What we need is meaningful action that will actually address the root of the housing problem.

If Sligo would reallocate half the road-maintenanc­e budget for housing creation—€9 million—they could build 100-150 units per year. If they had been doing that instead of tearing up and rebuilding perfectly good roads for the past decade, there would be no housing crisis here.

Another facet of the new RPZ regulation­s is the nearly total ban of short-term rentals like AirBnB. This is a national law, but Sligo actively supports it. The planners denied change-of-use permission to the first AirBnB that requested it last year, stating as part of their reasoning that over 1,000 families are waiting for council housing.

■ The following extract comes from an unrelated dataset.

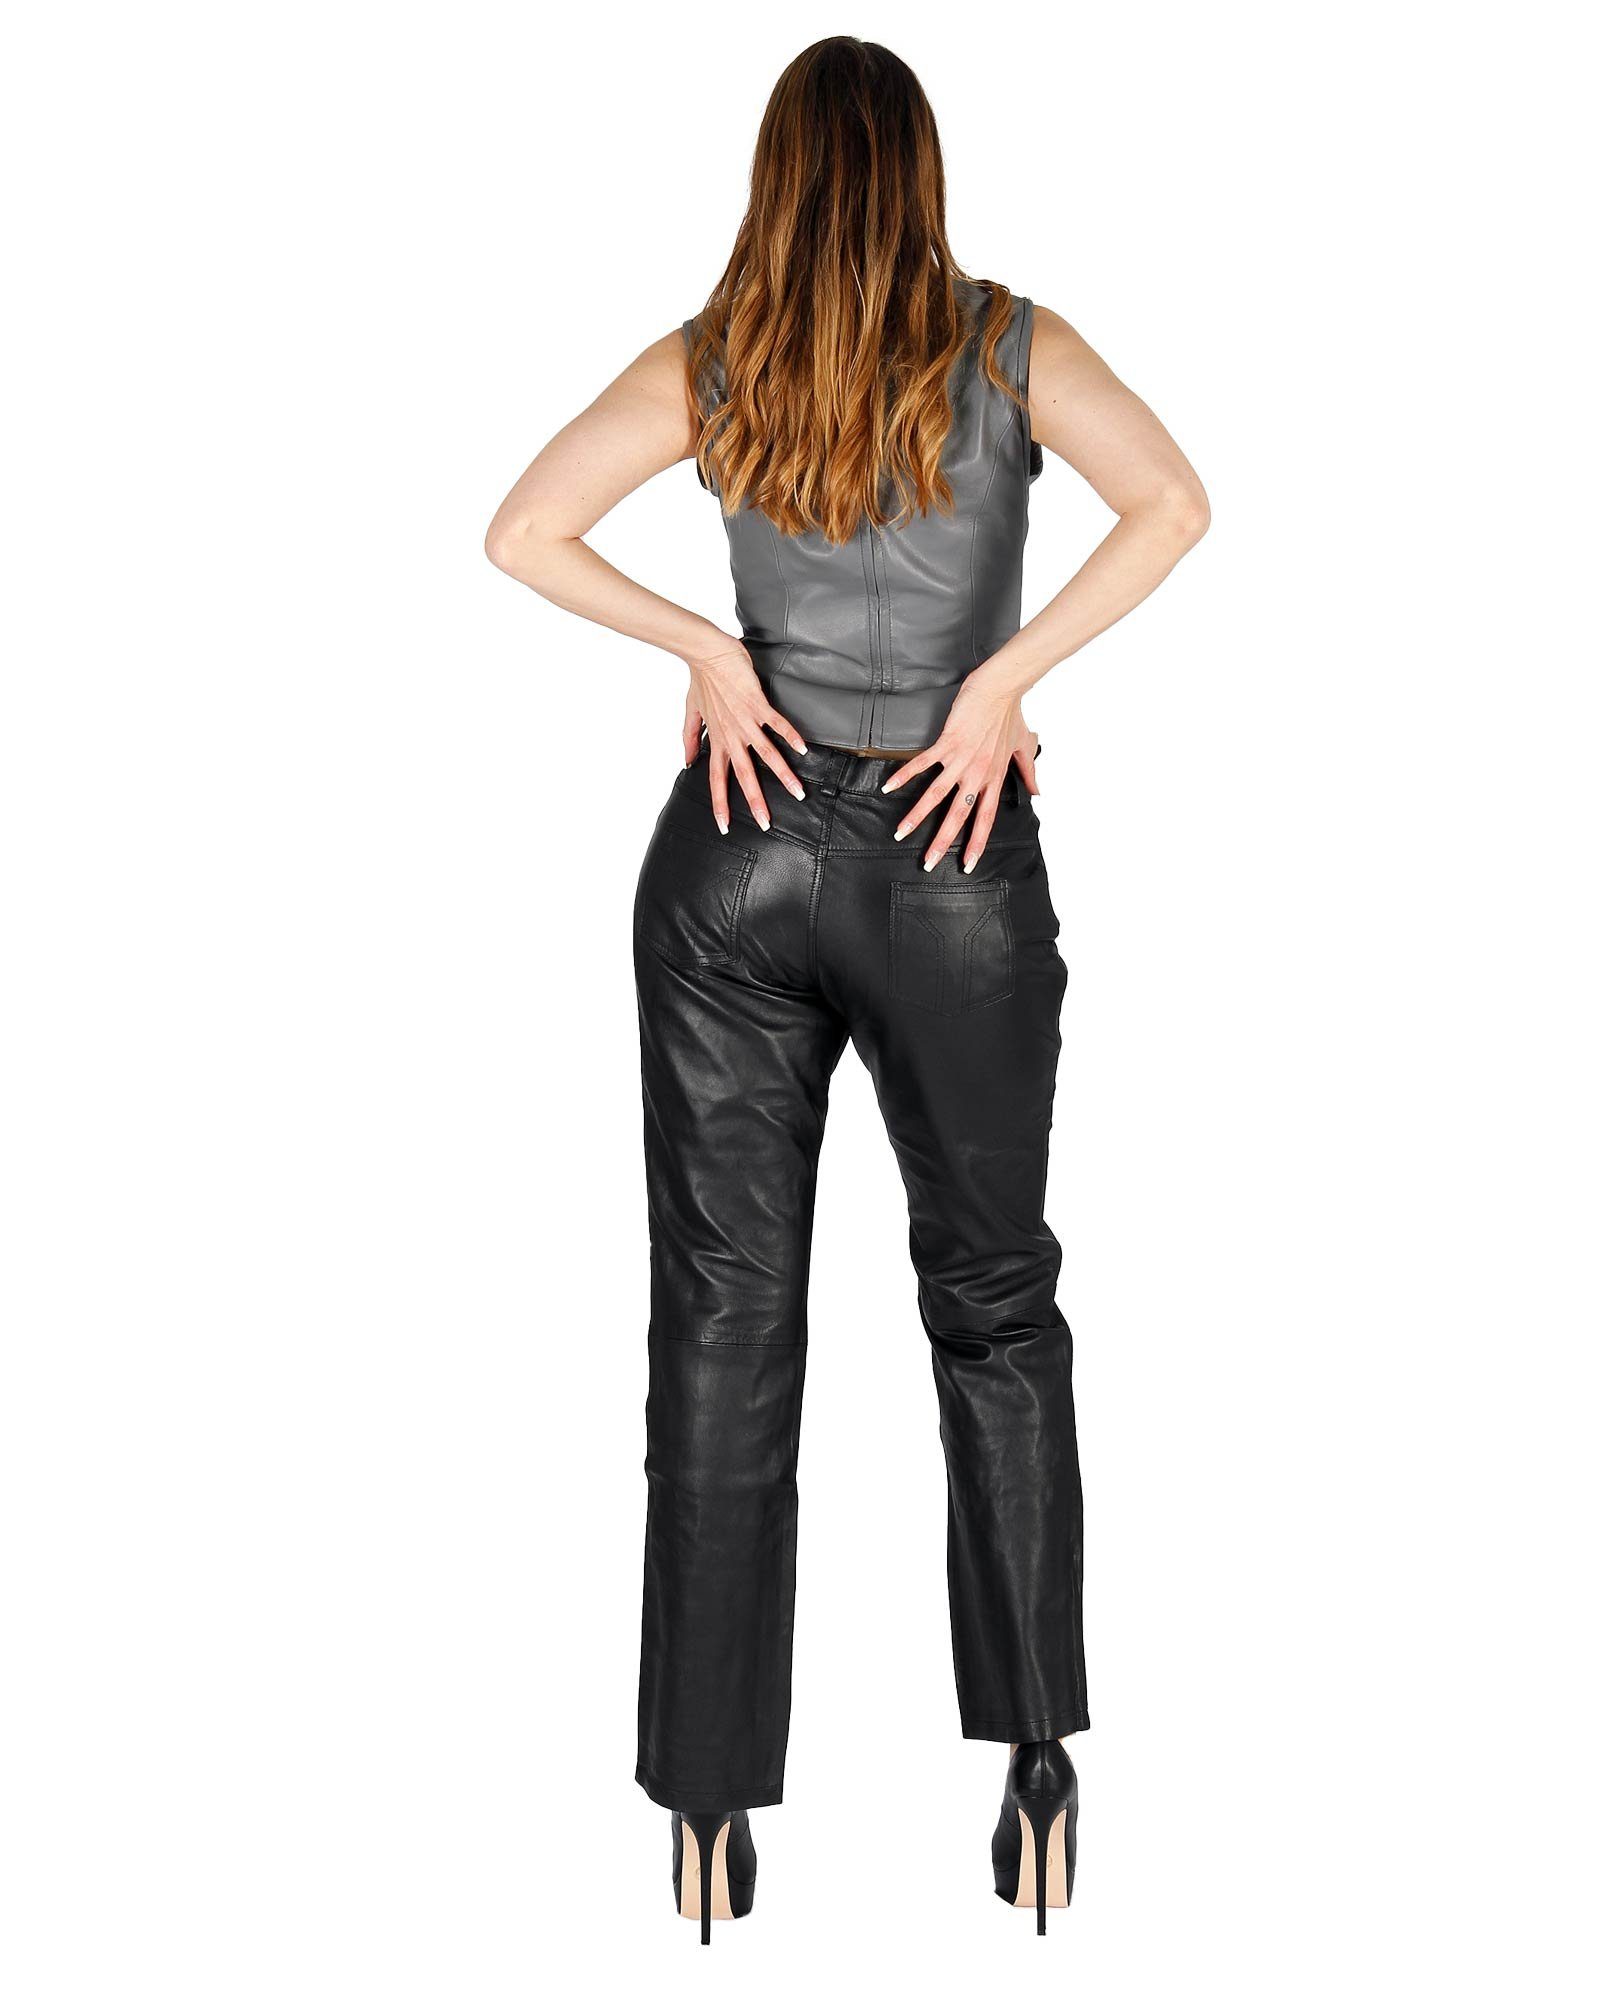 Leder 5-Pocket Damenlederhose Lederhose Fetish-Design Echtes Schwarz Lederhose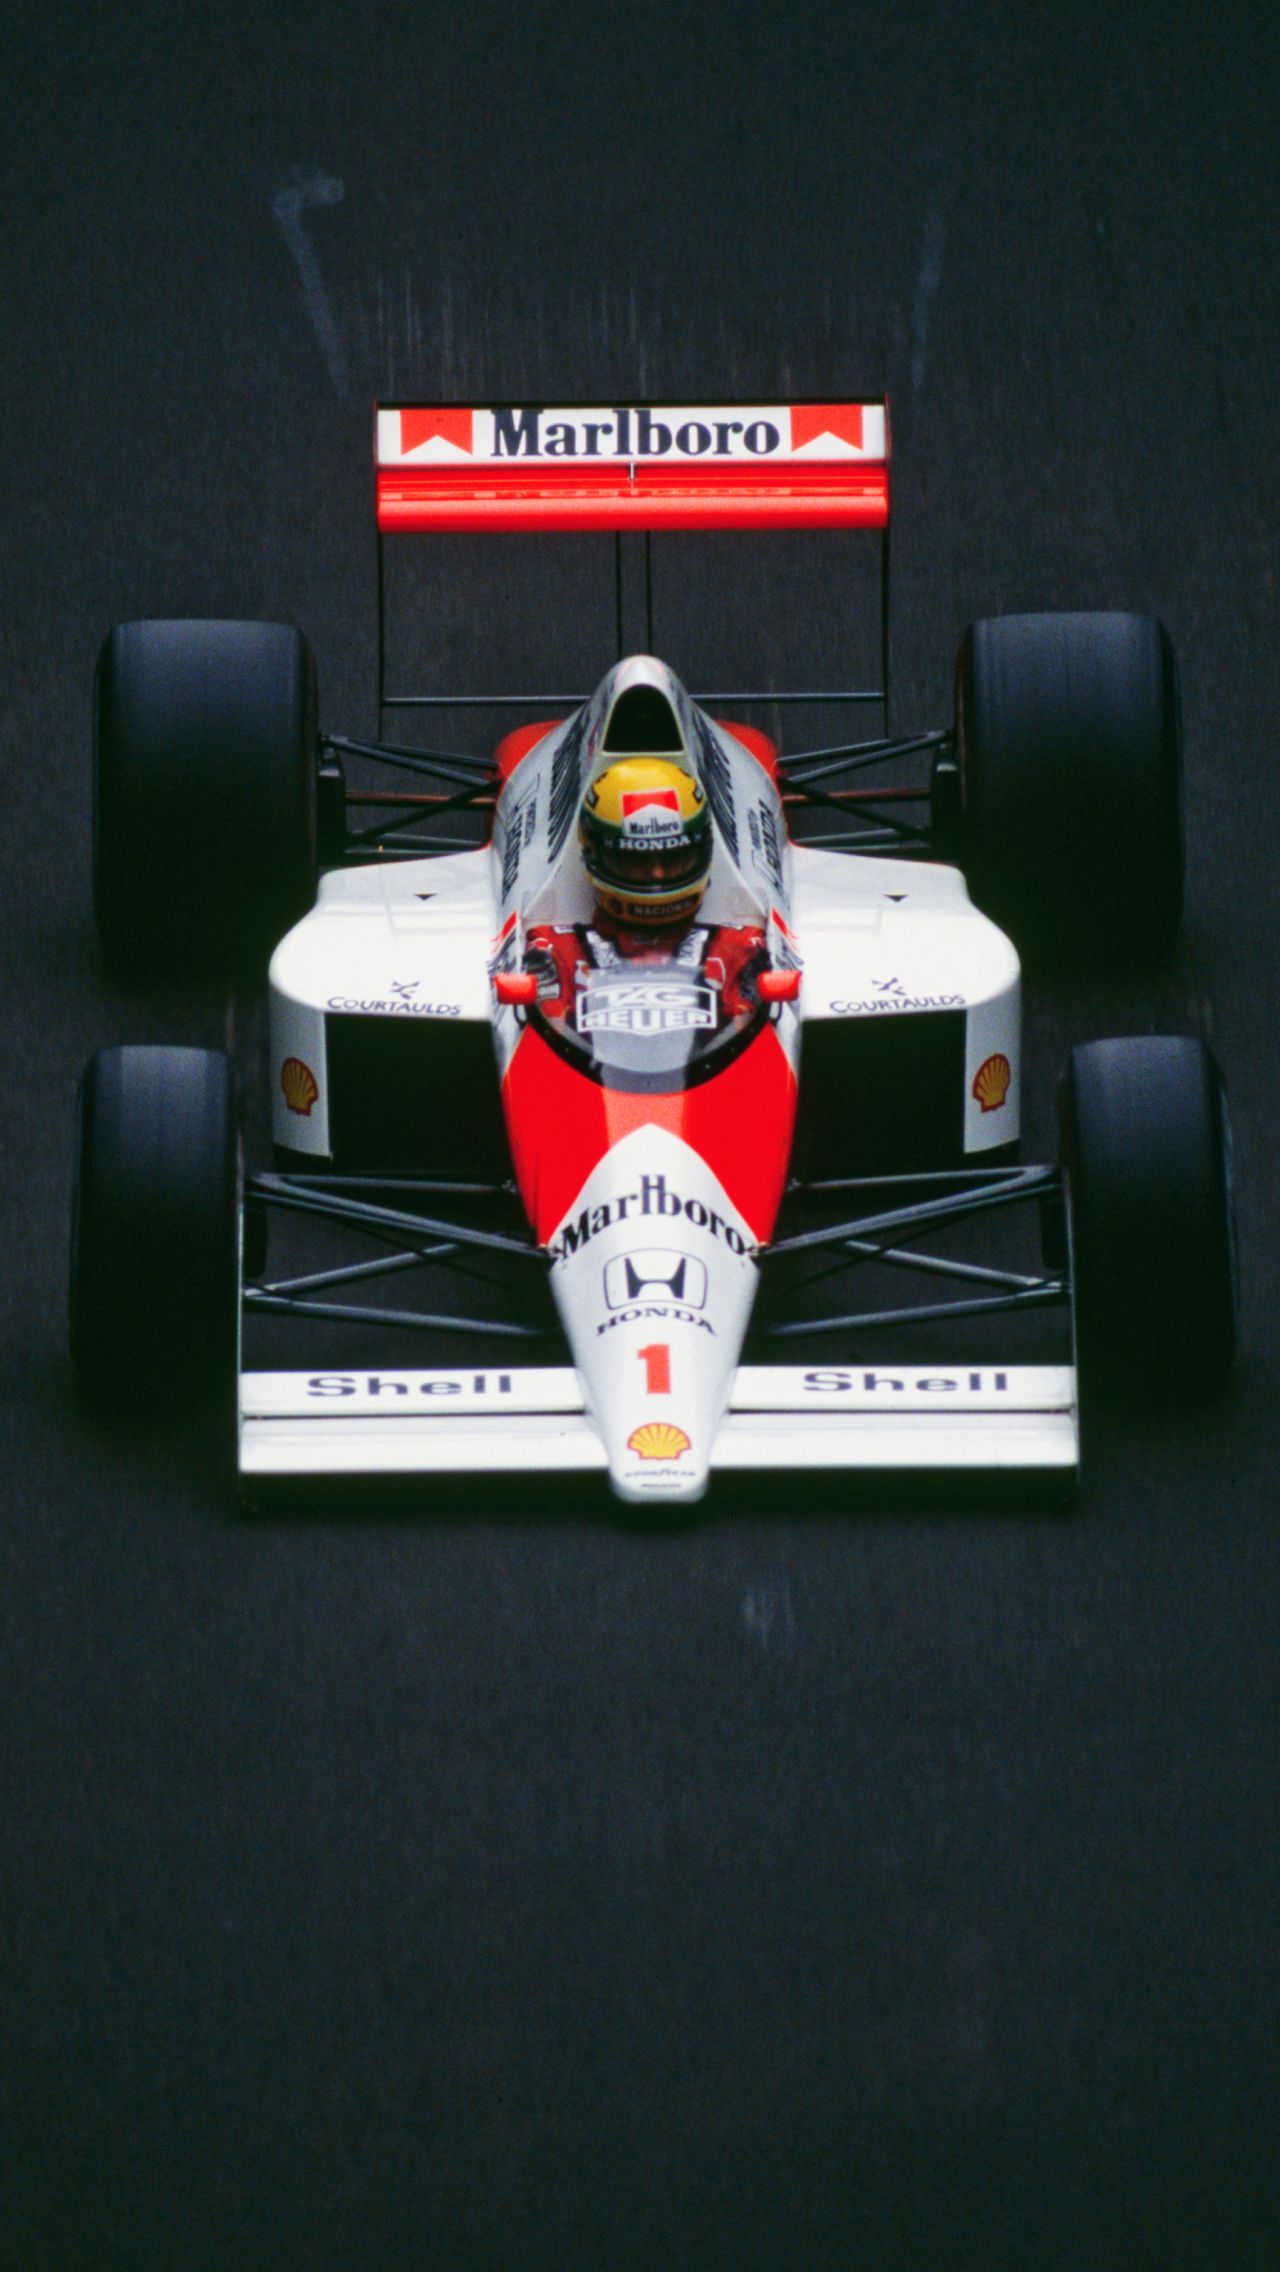 «Макларен»-1989 — 10 побед в 16 гонках (62,5%)

This kind of short-term-rental ban has been shown to be entirely ineffectiv­e at reversing rental shortages. Berlin’s ground-breaking AirBnB ban was reversed after just two years, because it hurt the tourism industry and did nothing for rental prices.

The reason AirBnB bans don’t work is that there simply aren’t enough AirBnBs to make a dent in the rental market. In Berlin, there were 20,000 AirBnBs, but to ease the housing crisis they needed more than 100,000 new units.

Here in Sligo, we can compare that figure from the council— 1,000 families waiting for housing—to the number of short-term-rentals in the entire Sligo-Strandhill LEA: 30.

So we can say without a doubt that the AirBnB ban will have no effect on rent. However, it will hurt tourism, the fastest growing industry in Ireland.

Sligo is a hidden gem of the West Coast. Currently, it’s rarely a destinatio­n for tourists, but often a stopover between Donegal or the North and Galway or Kerry. The last thing we need is a disincenti­ve for people, especially young people, to visit.

But this County Council prefers a show of action over real action, and so I’m sure they’ ll continue to enthusiast­ically enforce this backward ban. It’s something they can point to as a step taken against the rent crisis—never mind about the actual supply and demand problem at the heart of the crisis.

The thing about a supply and demand problem is that it will sort itself out eventually. If the Council doesn’t take steps to increase supply, then the market will take steps to reduce demand. More people will move away from Sligo, fewer people will move in, fewer tourists will visit, and fewer businesses will be created here.